The Pax Silica alliance, formally launched in Washington, DC, on December 11, 2025, signals a definitive strategy to redraw the geopolitical map for the age of artificial intelligence.
Its name, fusing the Latin Pax with Silica, deliberately evokes the concept of Pax Americana, projecting a vision of a peaceful, stable and America-controlled global technology supply chain.
This United States-led initiative seeks to forge a secure, allied ecosystem encompassing semiconductors, AI, critical minerals and advanced logistics, with the paramount goal of reducing strategic “over-reliance” on China.
Yet, one conspicuously empty chair at the inaugural gathering captured global attention: the US decision to exclude India from its foundational roster.
The alliance’s founding members are the US, Japan, South Korea, Singapore, the Netherlands, the United Kingdom, Israel, Australia and the United Arab Emirates. Taiwan participates as an observer.
Notably, within the Quadrilateral Security Dialogue (Quad), the US, Japan and Australia are present as core members, while India—often touted as a key pillar of the Quad—is conspicuously absent.
This omission transcends mere oversight; it represents a deliberate strategic calculus that unveils a profound skepticism in the US regarding India’s current technological prowess and its long-term strategic alignment.
US Undersecretary Jacob Helberg framed the exclusion within a “tiered strategy”: a core tier comprising pivotal allies such as Japan, South Korea, Singapore and the Netherlands; a secondary tier of other reliable partners; and an open door to future additions.

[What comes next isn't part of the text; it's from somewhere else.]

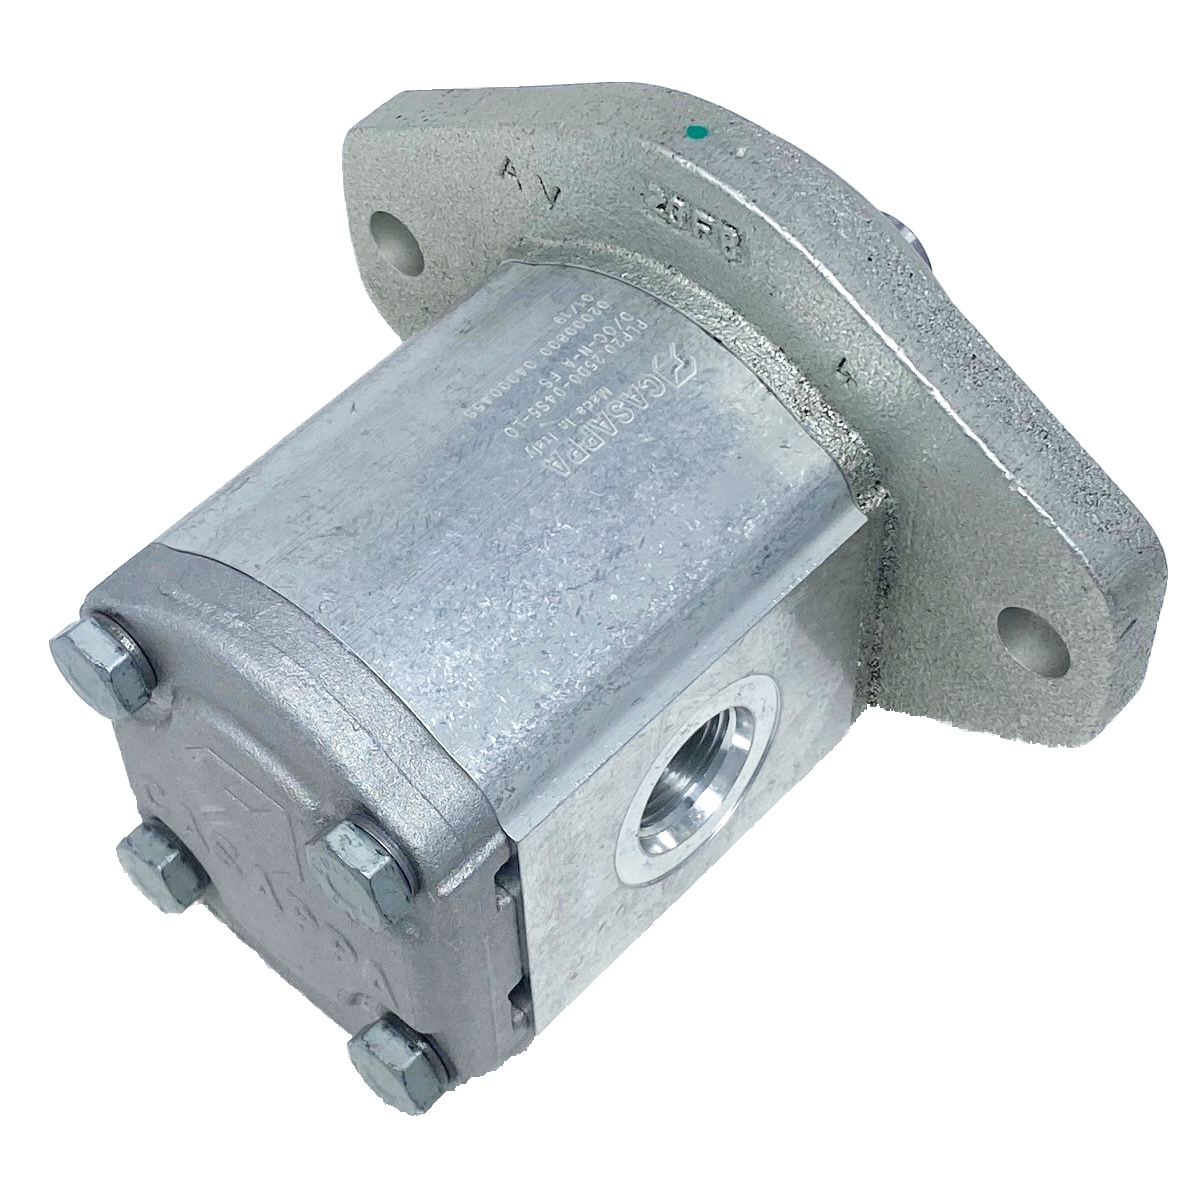 PLM20.31,5R0-32S5-LOC/OD-N-L : Casappa Polaris Gear Motor, 33.03cc, 1885psi, 2465RPM, Reversible, External Drain, 3/4" Bore x 1/4" Key Shaft, SAE B 2-Bolt Flange, 0.625 (5/8") #10 SAE In, 0.75 (3/4") #12 SAE Out, Aluminum Body, Cast Iron Flange

Addressing the obvious snub, he diplomatically referenced India as a “partner with high strategic potential.” It is precisely this term—“potential”—that lays bare the core issue. From Washington’s perspective, India remains a nation of “potential,” not one of current, actionable capability for this high-stakes alliance.
This assessment is rooted in several hard realities. A primary objective of Pax Silica is to eliminate “forced dependence” within critical supply chains. India, however, finds itself deeply enmeshed in the very dependencies the alliance aims to circumvent.
While New Delhi has identified a list of critical minerals, its reliance on Chinese imports for most of these ranges from 50-100%. Integrating India in this context would introduce significant risks rather than enhancing the group’s collective security.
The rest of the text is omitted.